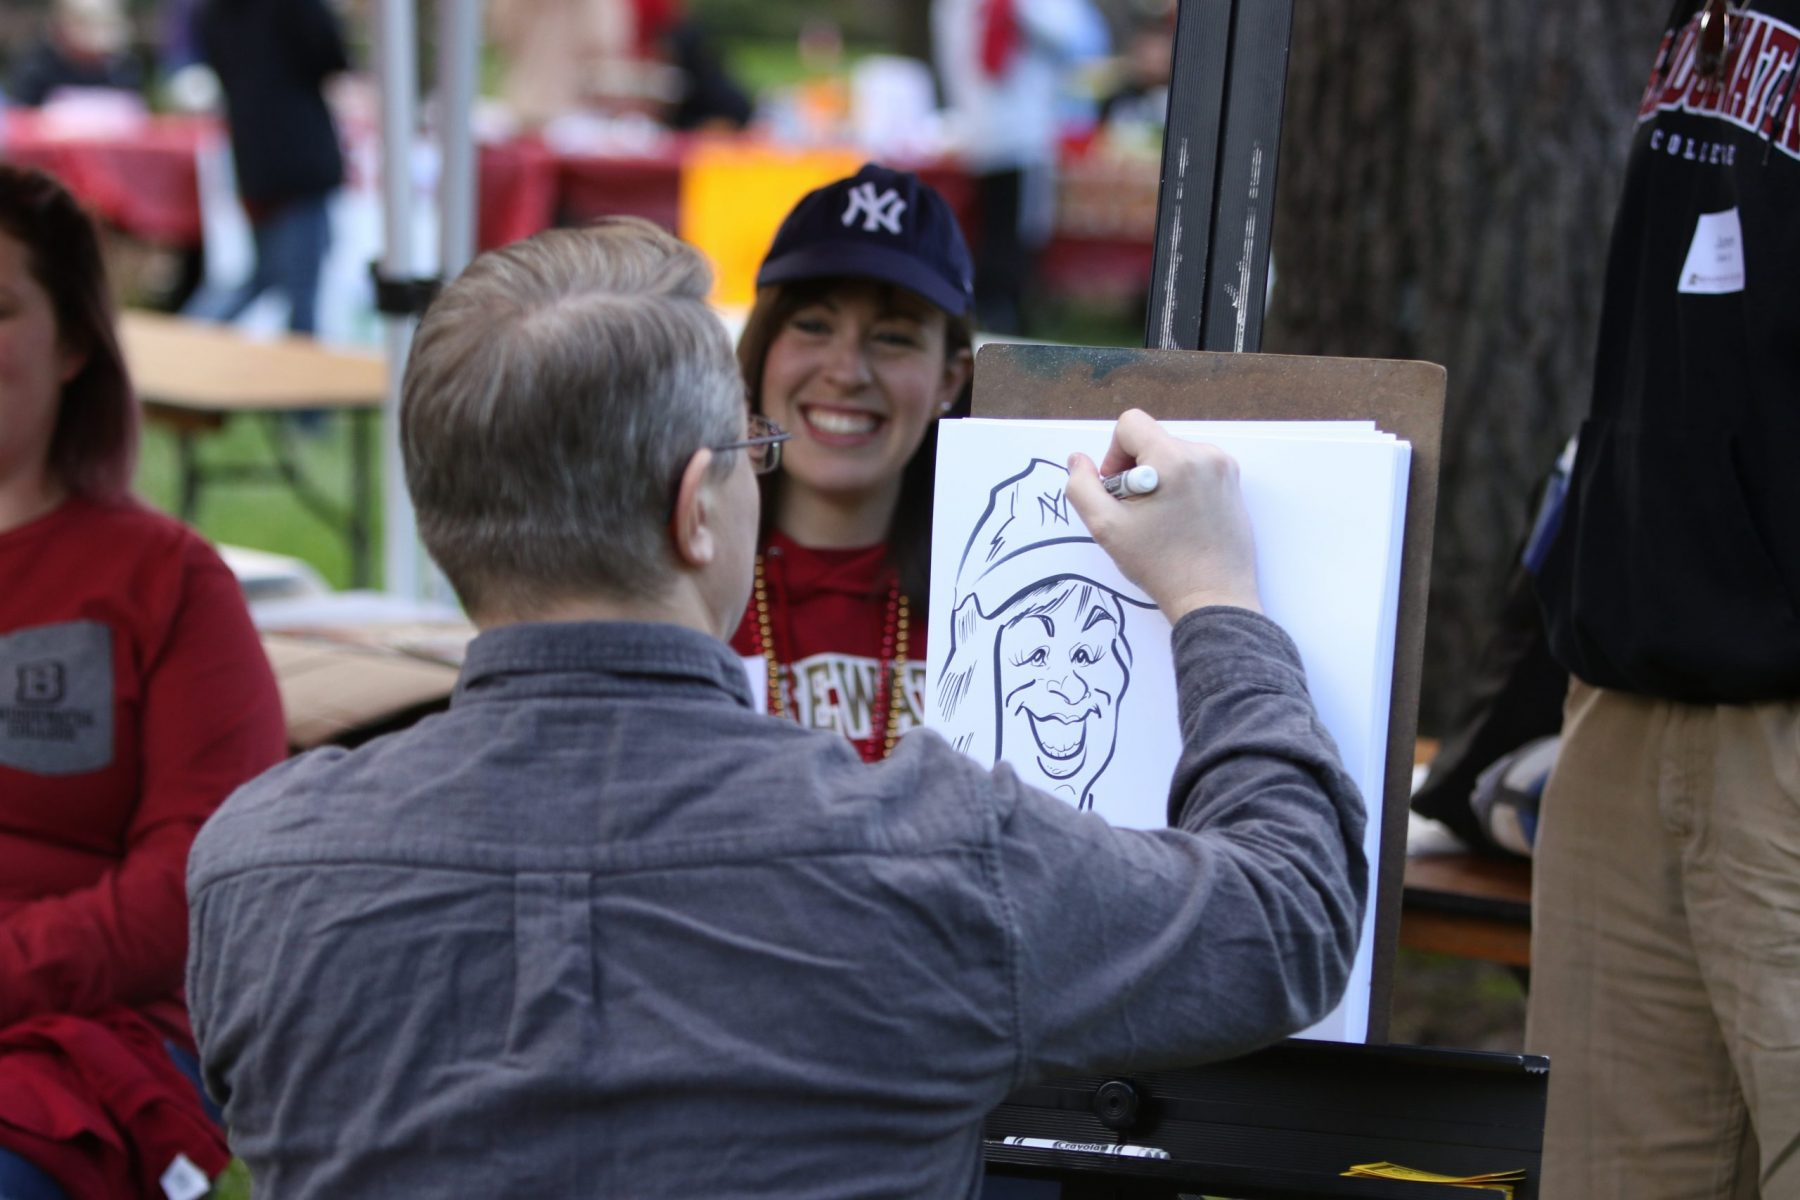 Man sitting down draws photo of woman sitting down
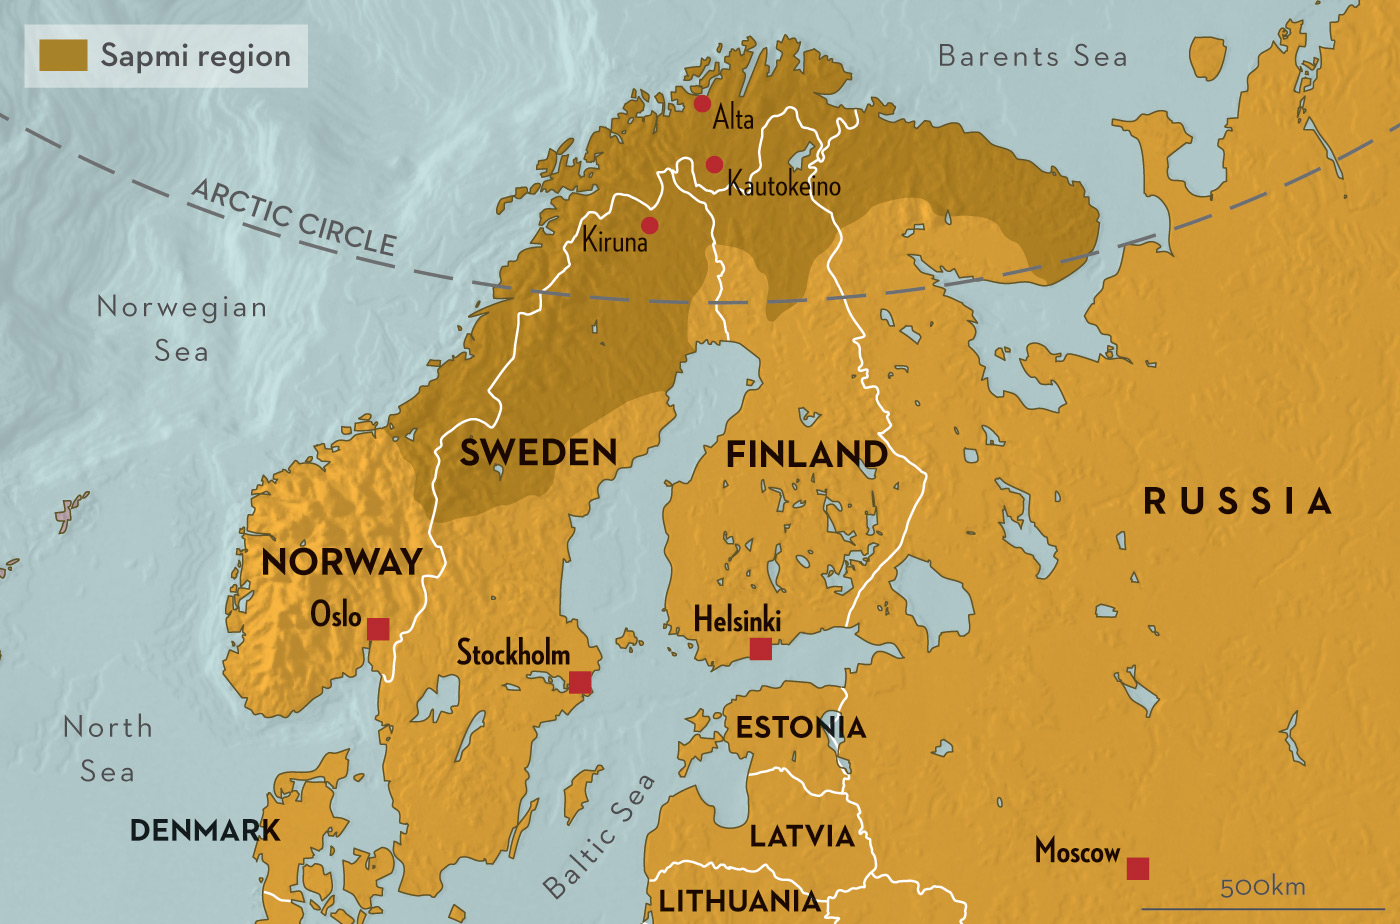 лапландия где она находится фото на карте
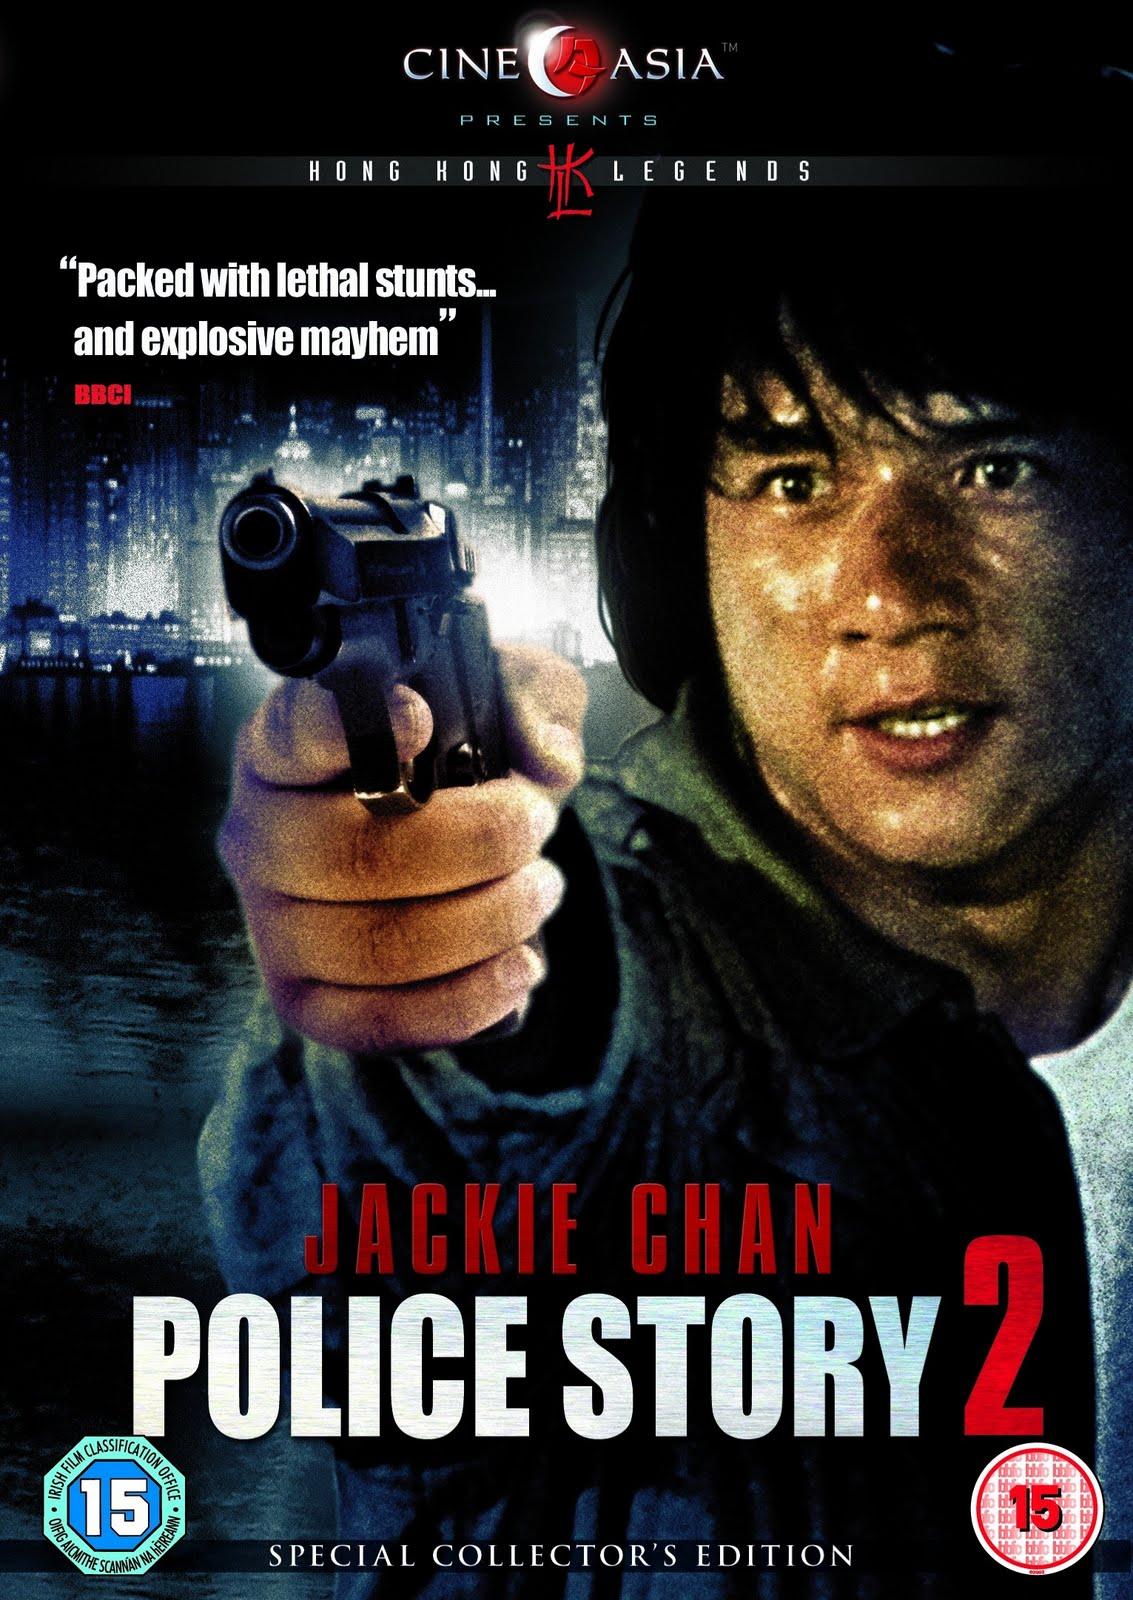 http://3.bp.blogspot.com/-TshCvxwe6L0/T9sNNYGypdI/AAAAAAAADSc/b5jPXPAiXt4/s1600/Police+Story+2.jpg

Exercise instructions:
Exclude the images and output the lines above exactly.

Result:
 Man sitting down draws photo of woman sitting down
 лапландия где она находится фото на карте
 http://3.bp.blogspot.com/-TshCvxwe6L0/T9sNNYGypdI/AAAAAAAADSc/b5jPXPAiXt4/s1600/Police+Story+2.jpg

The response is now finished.